Завершая свое сочинение, Рашид-ад-дин не мог избежать политических деклараций. Говоря о потомстве Тулуя, четвертого сына Чингис-хана, он пишет о юаньском императоре и ильхане Газане как равных фигурах: «Менгу-каан, Кубилай-каан, Хулагу-хан и Ариг-Бука были его сыновьями, ныне же из семени их внуков Тимур-каан и государь ислама Газан-хан, — да длится его власть! — суть кааны и государи; другие ветви и потомки его [Чингизова] чистого рода (насл) стали ханами и государями всех [земных] поясов» (Рашид-ад-дин. Т. I. Кн. 2. С. 69).
В 1910 г. В. В. Бартольд в рецензии на труд французского ориенталиста Э. Блоше, подготовившего издание «Сборника летописей» Рашид-ад-дина с обширным введением к тексту, излагает краткую историю ильханов.

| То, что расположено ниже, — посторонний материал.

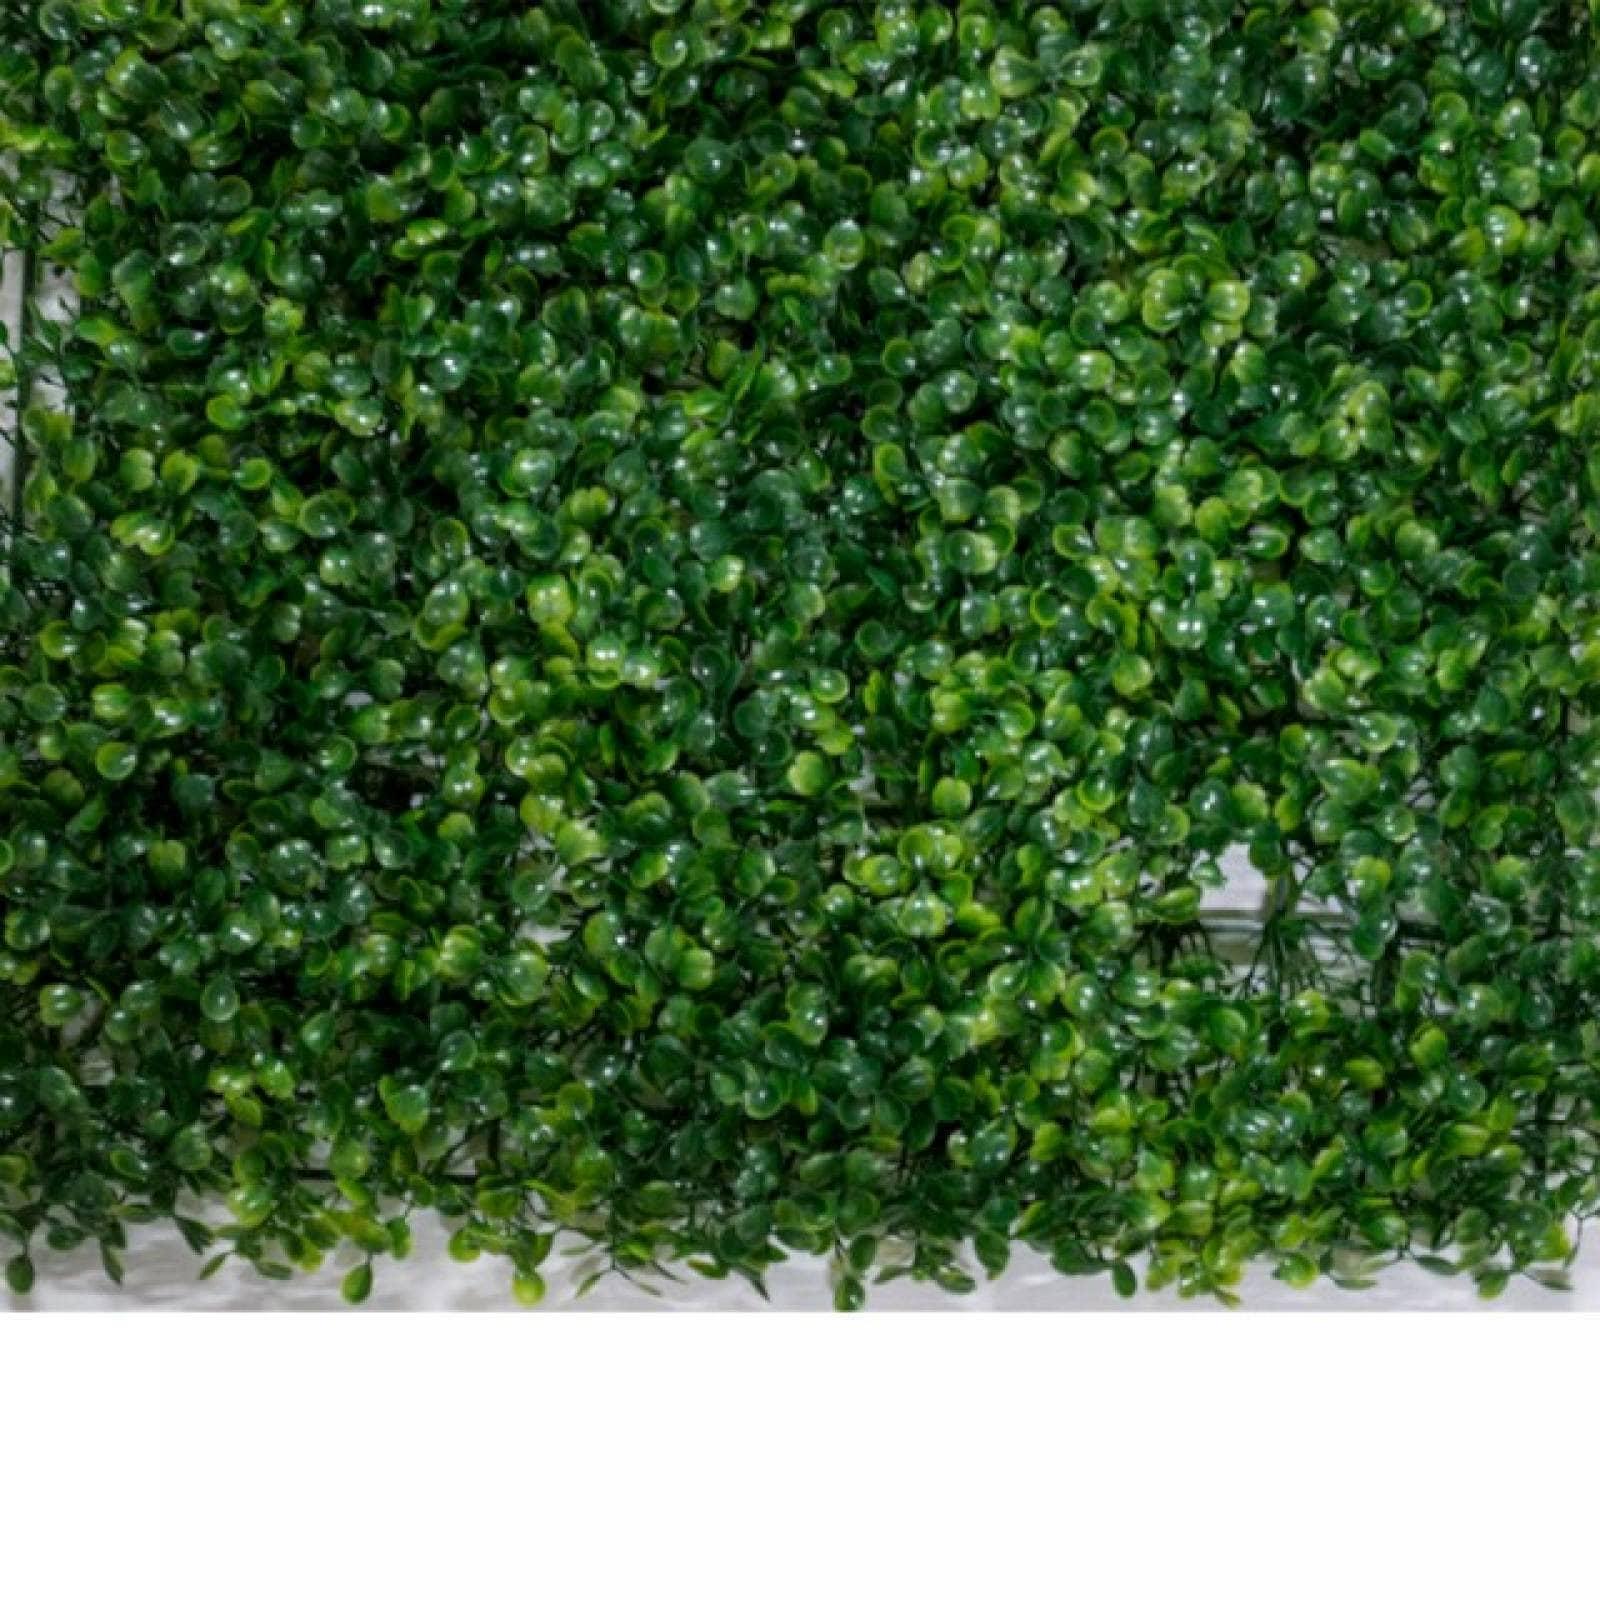 Follaje artificial 40x60 cm muro verde 10 piezas modelo jardín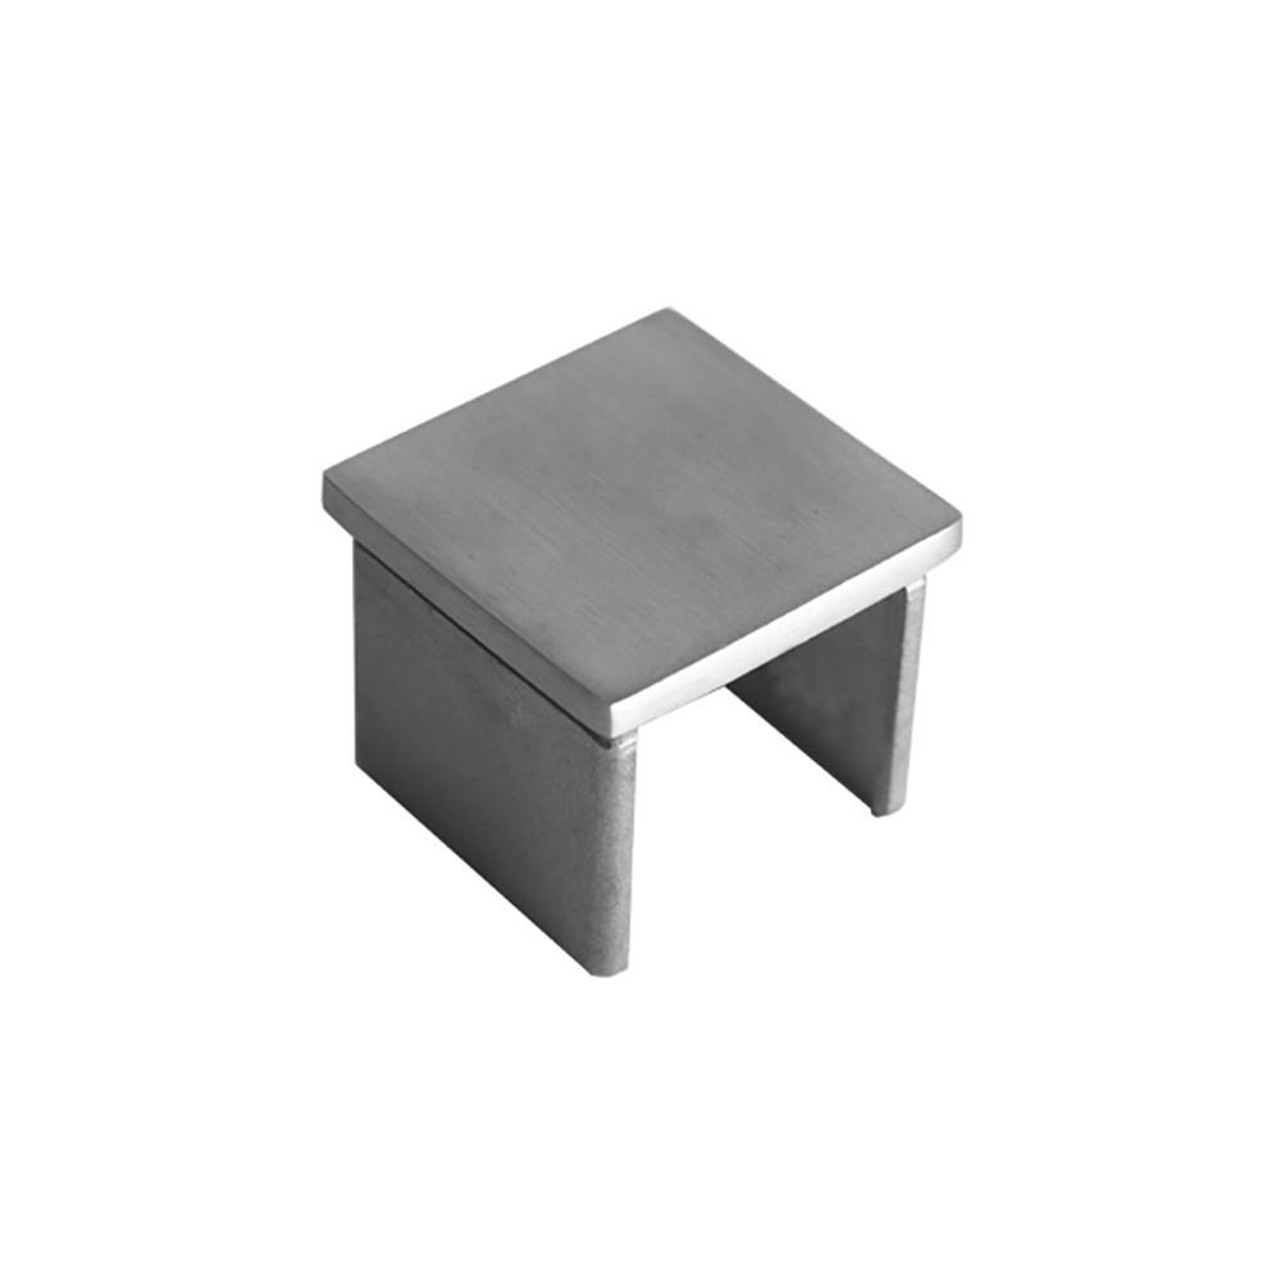 Square Glass Cap Rail End Cap (AX00.032.322.A.SP)

«Первые монгольские владетели Персии, Хулагу (до 1265 г.) и Абака (1265–1282), по-видимому, относились беспристрастно ко всем религиям; при них и еще после для мусульманских областей чеканились монеты с именами Аллаха и его пророка, для христианских (для Грузии) — со словами "во имя Отца и Сына и Святого Духа, Единого Бога", причем и христианский символ веры, подобно мусульманскому, приводился на арабском яздае, языке общей культуры. Третий хан, Текудер (1282–1284), принял ислам и мусульманское имя Ахмед, причем это имя чеканилось и на монетах с христианским символом веры. Зато царствование следующего хана, Аргуна (1284–1291), было наименее благоприятным для мусульман. В течение двух последних лет его царствования первым министром был еврейский врач Са'д ад-дауля, к которому отовсюду стекались его единоверцы; сам Аргун, по словам сирийской хроники, велел назначать на службу по финансовому ведомству исключительно евреев и христиан, но не мусульман; Са'д ад-дауля управлял делами, даже по рассказу мусульманского историка Вассафа, не без успеха; тот же историк называет его покровителем ученых и литераторов; арабские и персидские писатели в течение двух лет усердно прославляли его в стихах и прозе; эти панегирики составили целый том, который и при Вассафе сохранялся в Багдаде. Разумеется, были и стихи в противоположном духе; один поэт жаловался на то, что в руках евреев и власть и деньги, и иронически приглашал своих единоверцев "сделаться иудеями, так как само небо приняло иудейство". Са'д ад-дауля был дерзок не только с мусульманами, но и с монгольскими вельможами, и это было причиной его гибели; еще во время предсмертной болезни Аргуна он был схвачен и казнен, и его единоверцы за свое кратковременное торжество поплатились кровавым погромом.
При следующем хане, Кайхату (1291–1295), чеканившем на монетах свой буддийский титул, первым министром снова сделался мусульманин, Садр ад-дин Ахмед Халиди, ставленник того самого военачальника Тогачара, которым был казнен Са'д ад-дауля. Кайхату удостоил своего министра небывалого отличия, которое должно было поставить его наравне с монгольскими военачальниками: он получил военный чин и был назначен начальником отряда в 10 000 человек. Финансами он, по-видимому, управлял хуже, чем его предшественник; ко времени его управления относится неудачная попытка ввести бумажные деньги (1294 г.). Однако при Газан-хане этим же министром была проведена реформа, которую Хамдаллах Казвини называет благодетельной и для казны и для населения: земельный налог (копчур) в городах был заменен налогом на торговлю и промышленность (тамга).